Curr Neurol Neurosci Rep. 2007 May;7(3):200-7. doi: 10.1007/s11910-007-0031-5.
Hereditary central nervous tumor syndromes are a varied group of conditions that include neurofibromatosis type 1 and 2, tuberous sclerosis, Von Hippel-Lindau disease, and Cowden, Turcot, and Gorlin syndromes. The responsible genes have been identified in most of these disorders. These genes typically act as tumor suppressor genes, maintain normal cellular function and homeostasis, and regulate cell growth and differentiation. Familial central nervous system tumors are mostly inherited as autosomal dominant traits and involve germline mutations. Neoplastic development occurs when a somatic mutation inactivates the second allele. These patients also present unique challenges for their management. This review highlights the clinical manifestations, molecular genetics, pathophysiology, and current treatment options of these disorders with a focus on neuro-oncologic manifestations of the diseases.
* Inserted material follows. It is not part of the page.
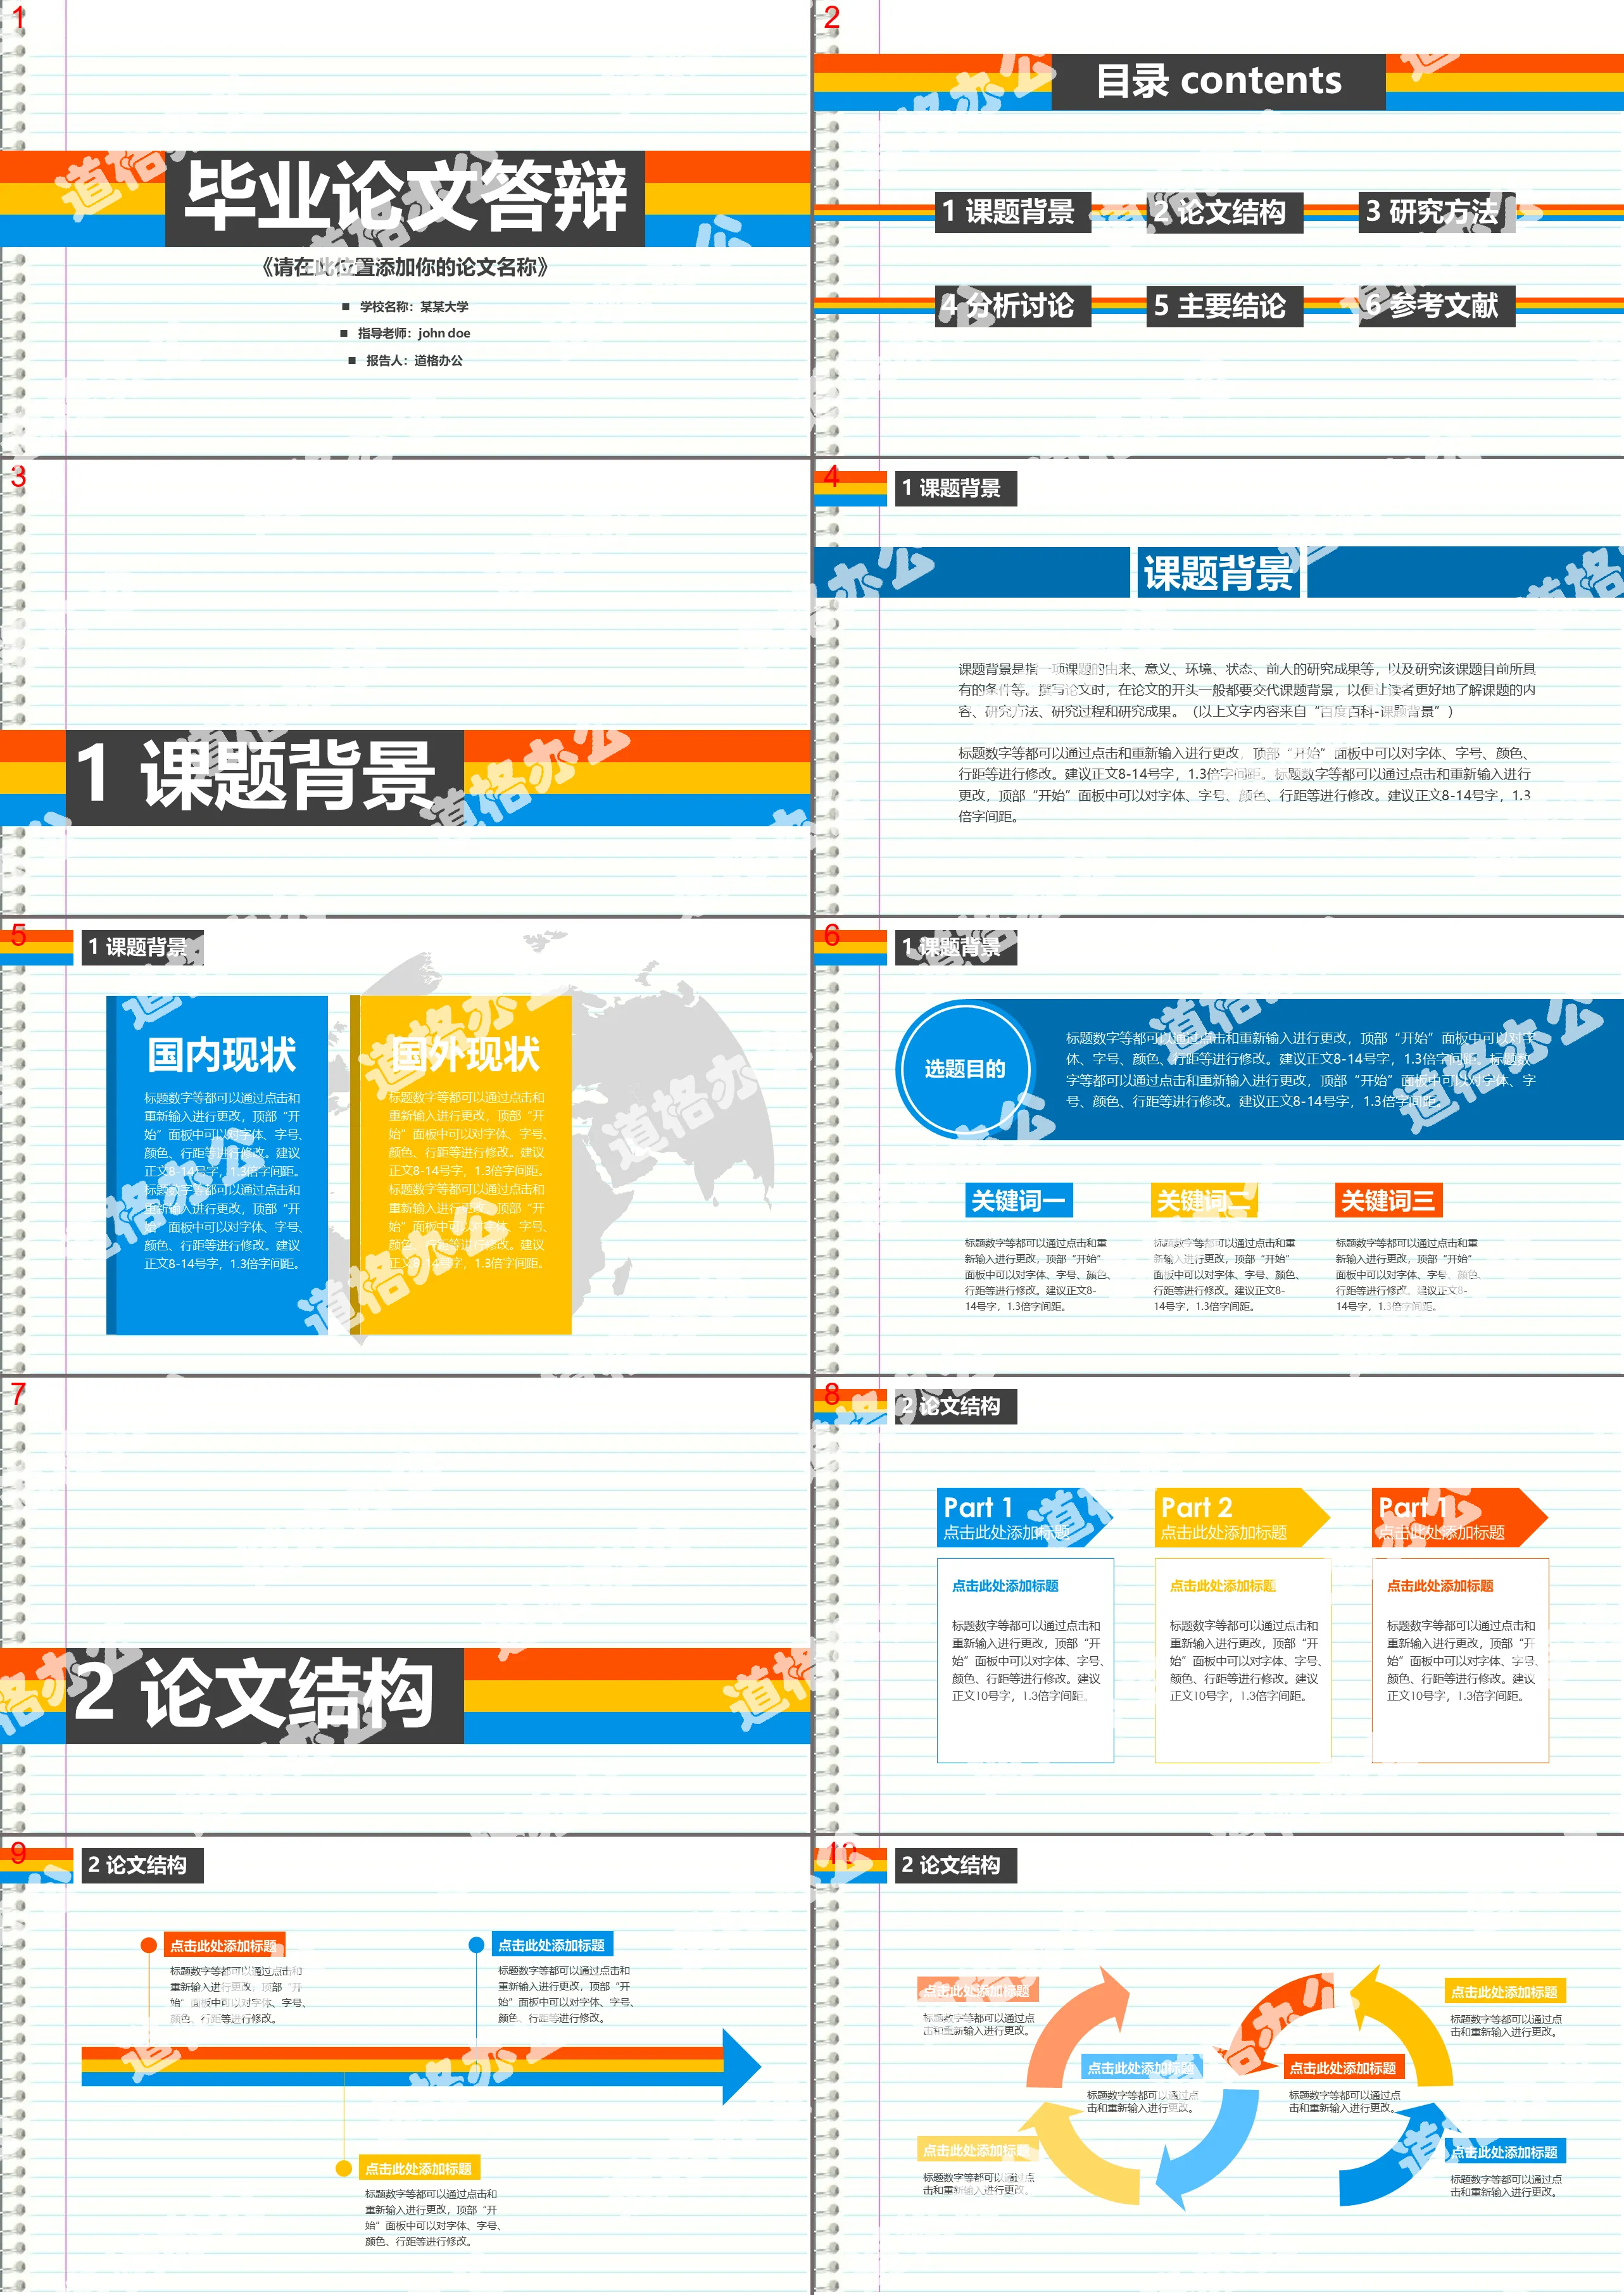 Master graduation defense PPT template in color notepad style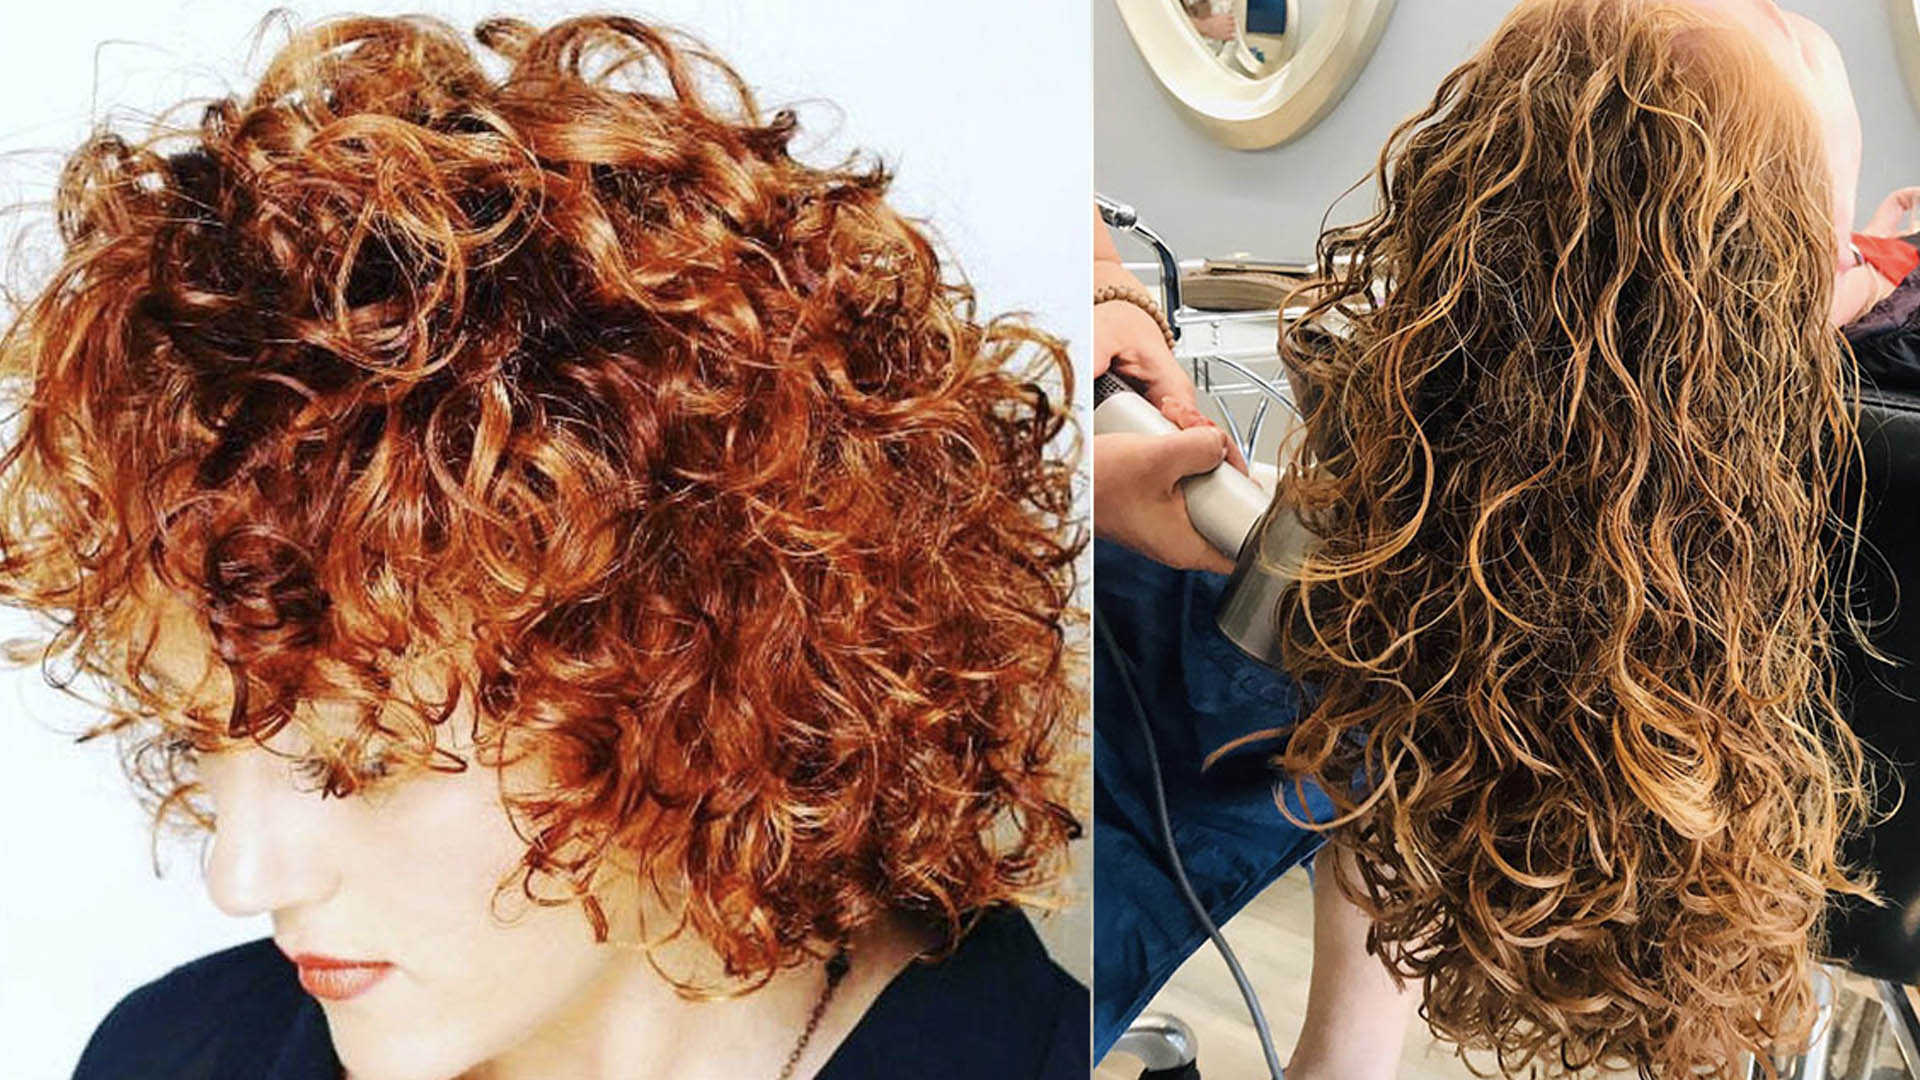 Curly Hair Images

遗传性中枢神经系统肿瘤综合征是一组多样的病症,包括1型和2型神经纤维瘤病、结节性硬化症、冯·希佩尔-林道病以及考登综合征、图尔科特综合征和戈林综合征。在大多数这些疾病中,相关基因已被确定。这些基因通常起肿瘤抑制基因的作用,维持正常细胞功能和体内平衡,并调节细胞生长和分化。家族性中枢神经系统肿瘤大多作为常染色体显性性状遗传,涉及种系突变。当体细胞突变使第二个等位基因失活时,肿瘤就会发生。这些患者的治疗也面临独特的挑战。本综述重点介绍这些疾病的临床表现、分子遗传学、病理生理学和当前的治疗选择,重点关注这些疾病的神经肿瘤学表现。